Repeat, exactly and in full, the lines of the listing below, but without any pictures.

**Data below:**
++++++

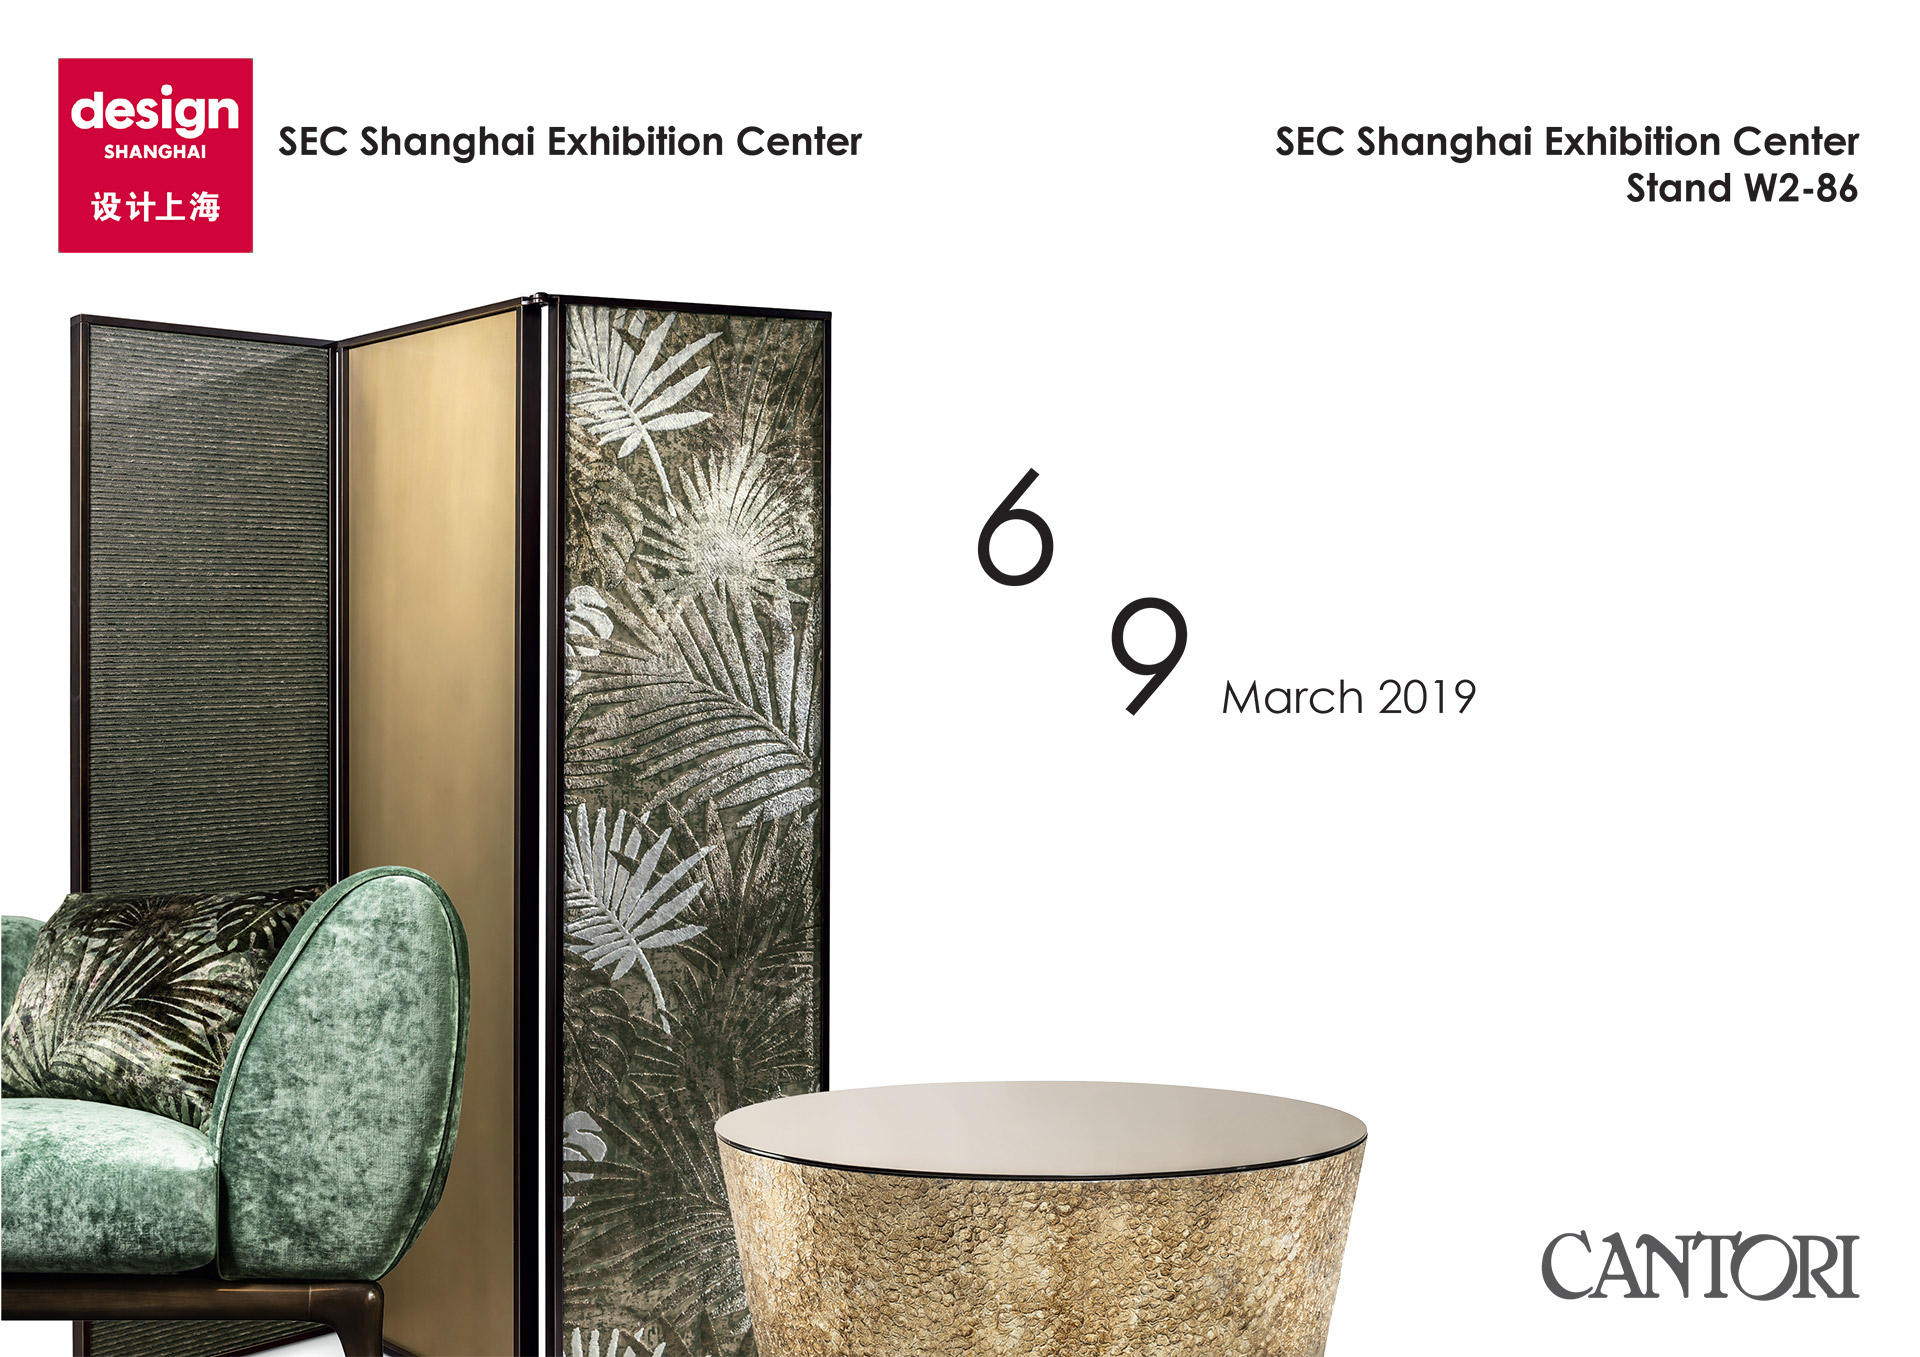 12/02/2019 Cantori a Design Shanghai 2019 - Cantori
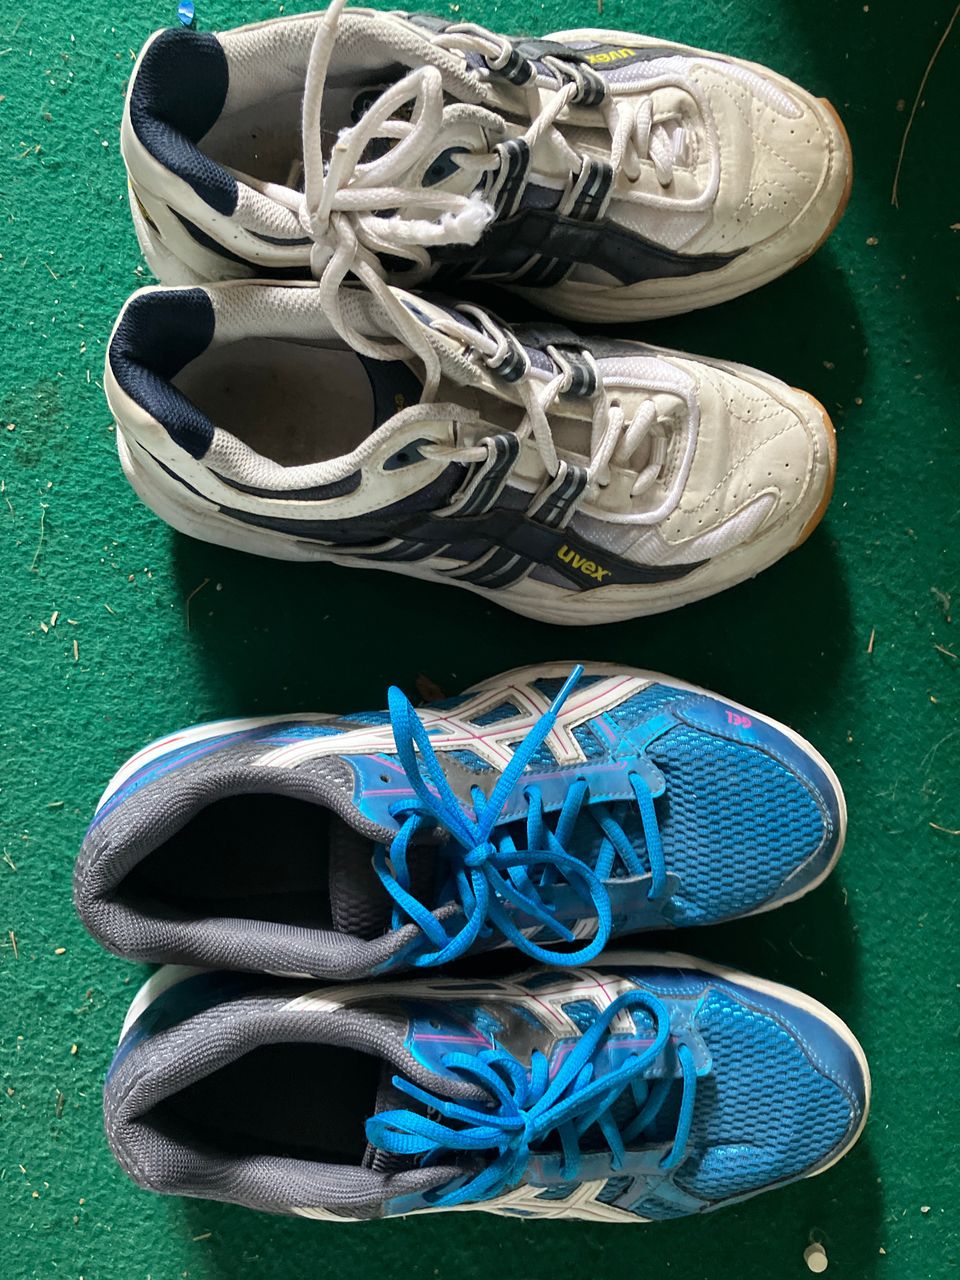 Kahdet kengät ulkoiluun ja urheiluun
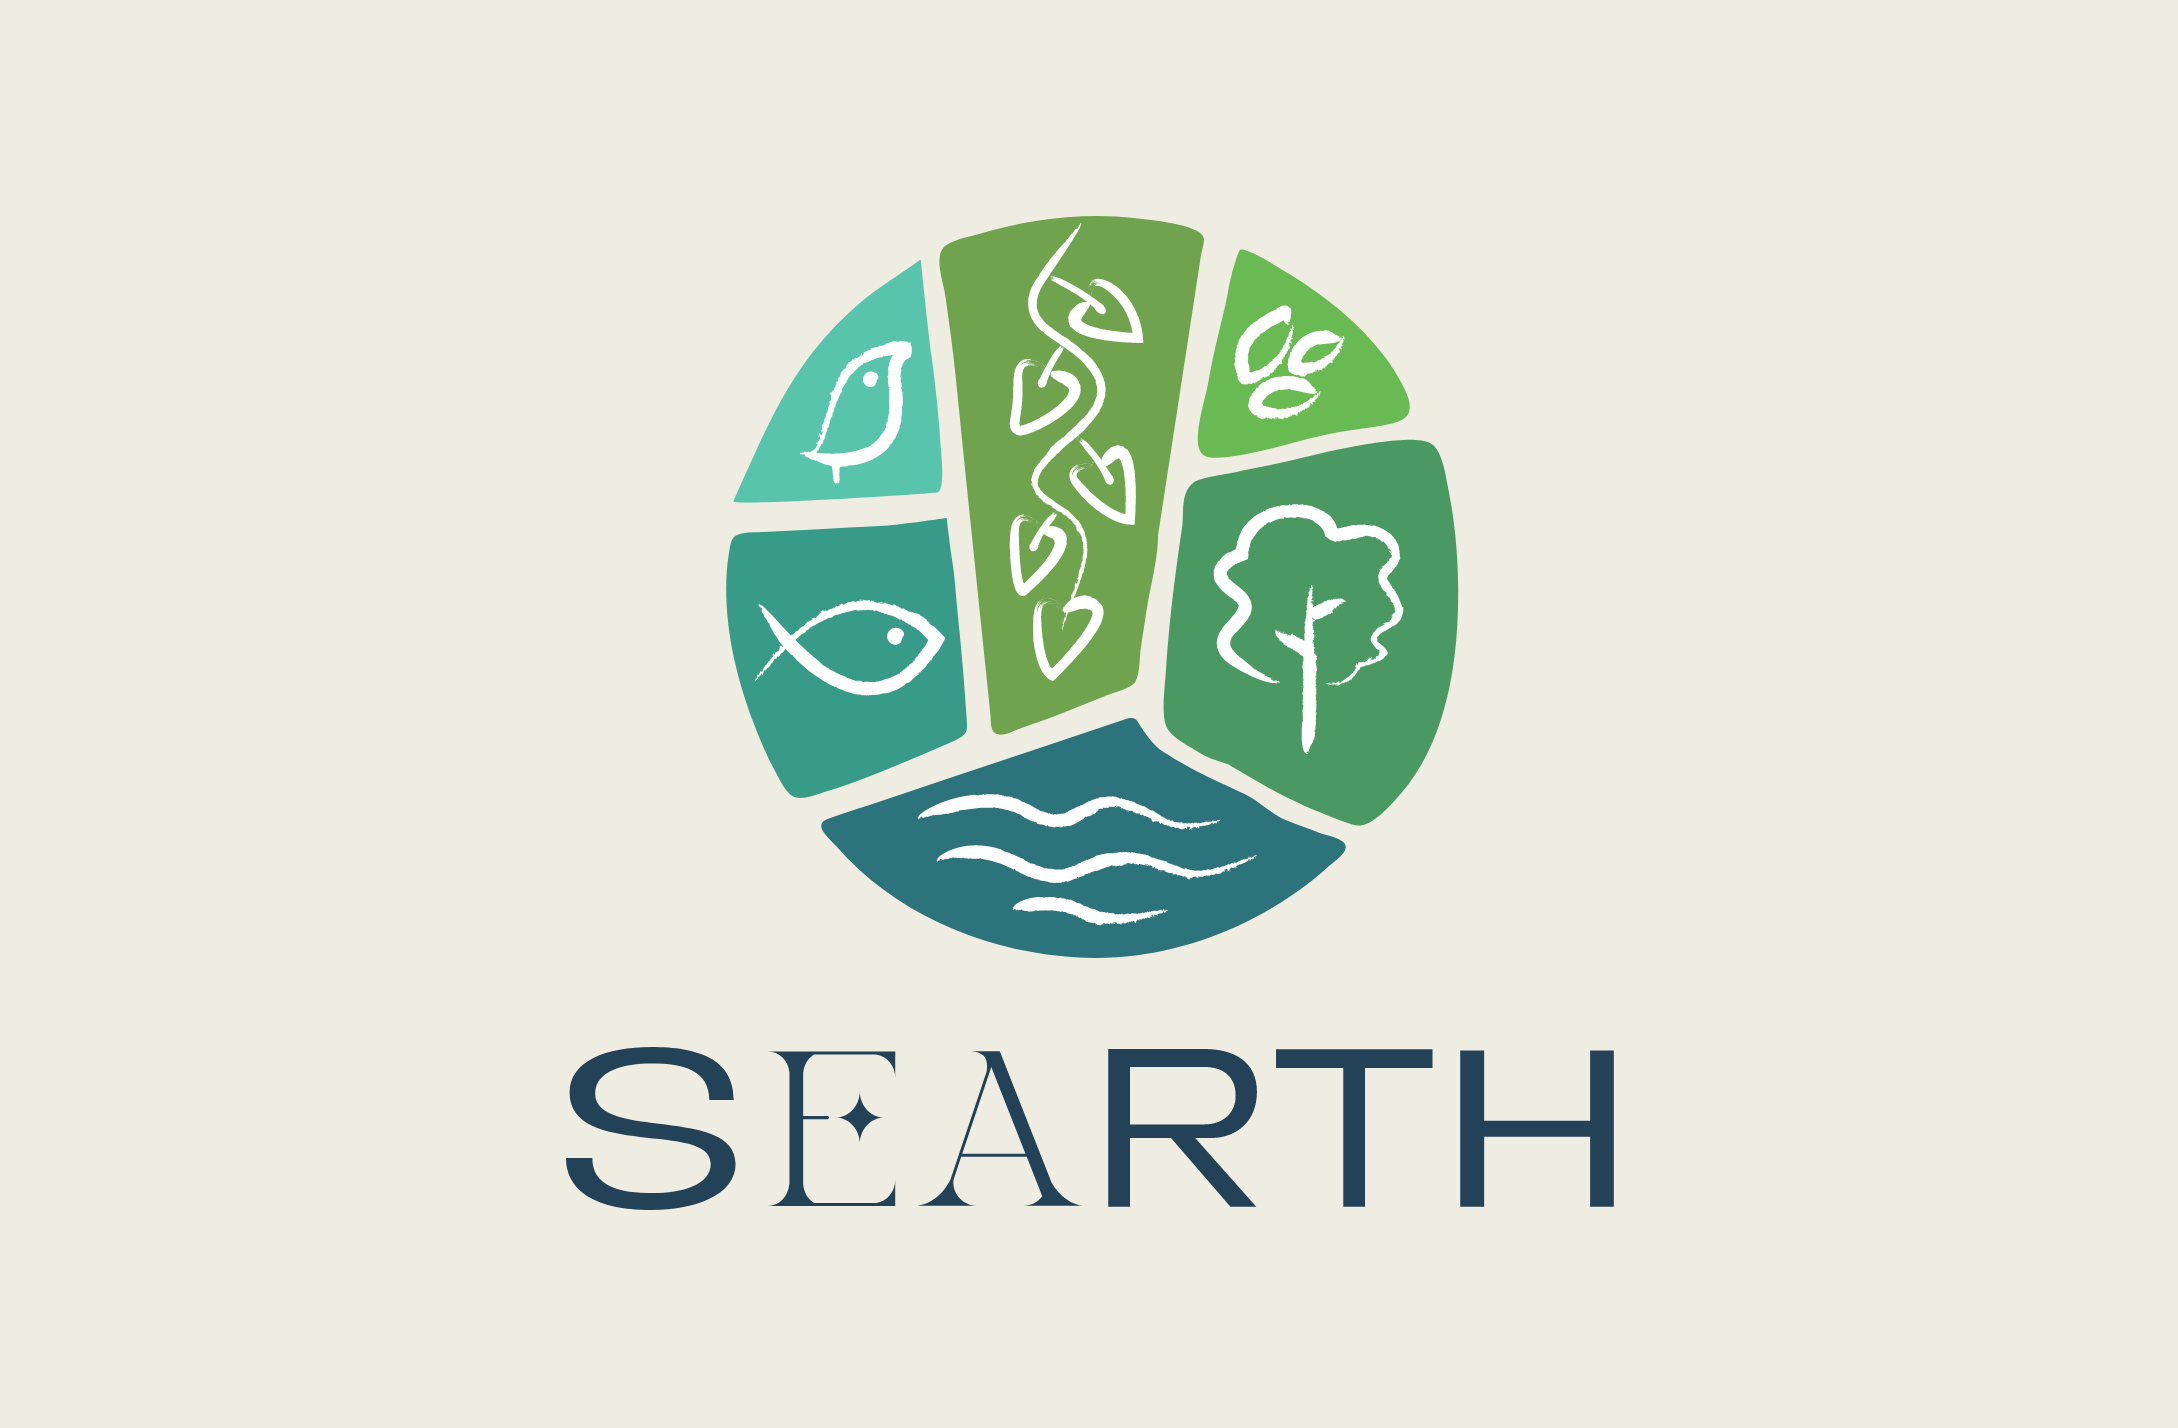 Searth
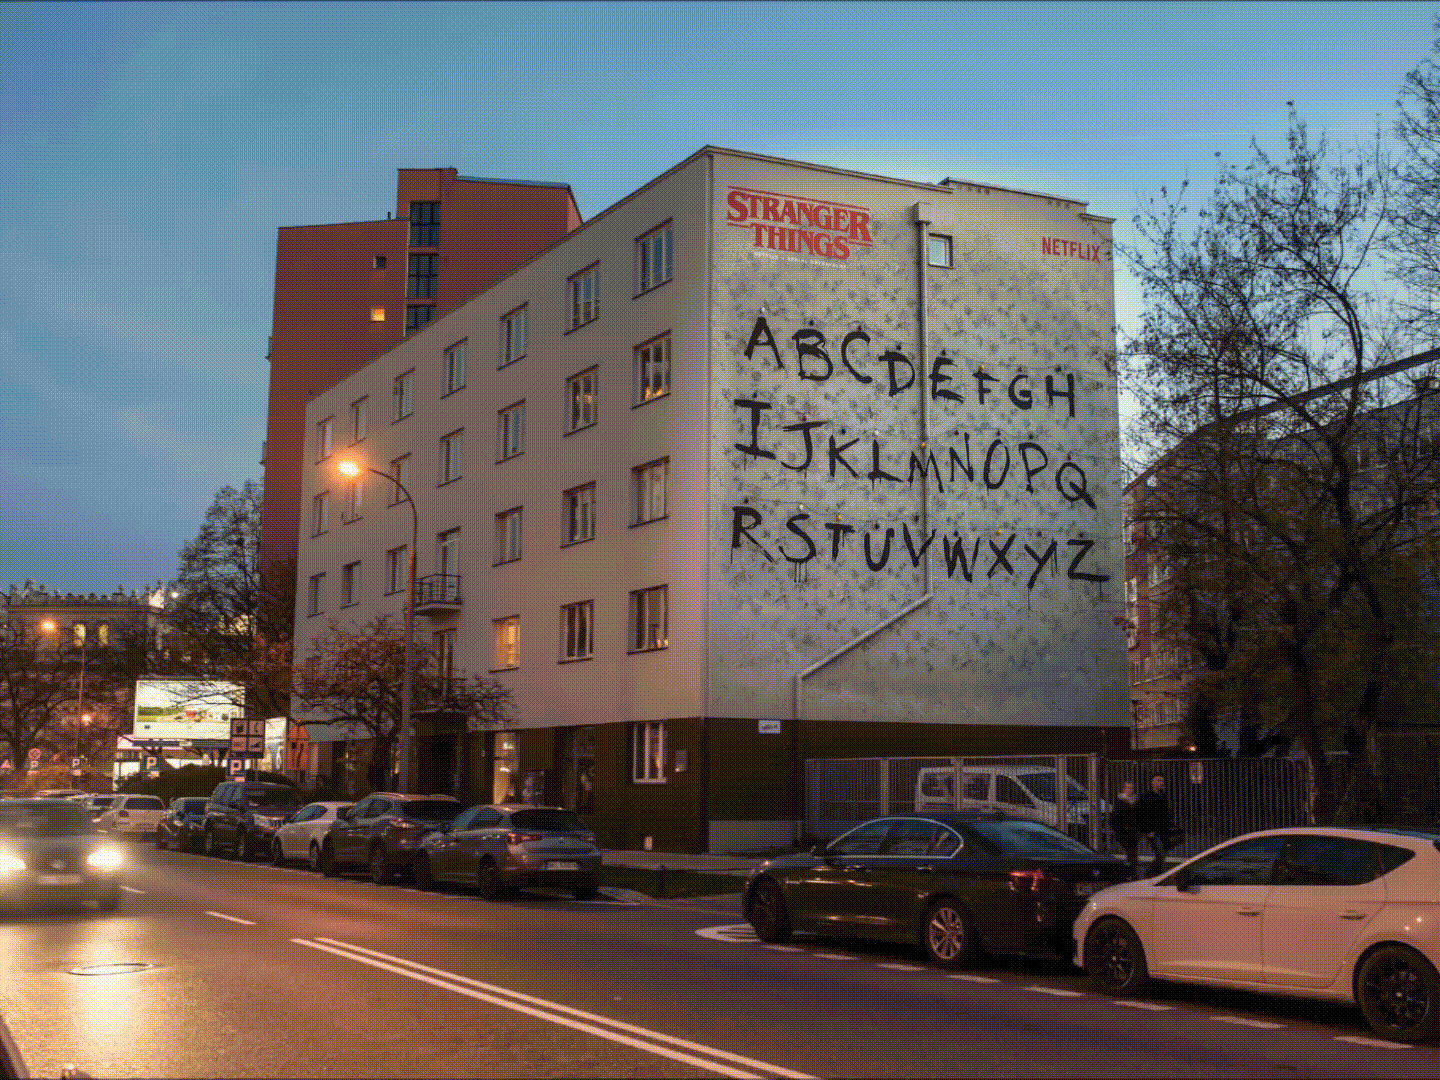 mural reklamowy na ulicy Solec na zamówienie marki Netflix Stranger Things w Warszawie | Stranger Things | Portfolio

++++++

**Expected output:**
 12/02/2019 Cantori a Design Shanghai 2019 - Cantori
 Kahdet kengät ulkoiluun ja urheiluun
 Searth
 mural reklamowy na ulicy Solec na zamówienie marki Netflix Stranger Things w Warszawie | Stranger Things | Portfolio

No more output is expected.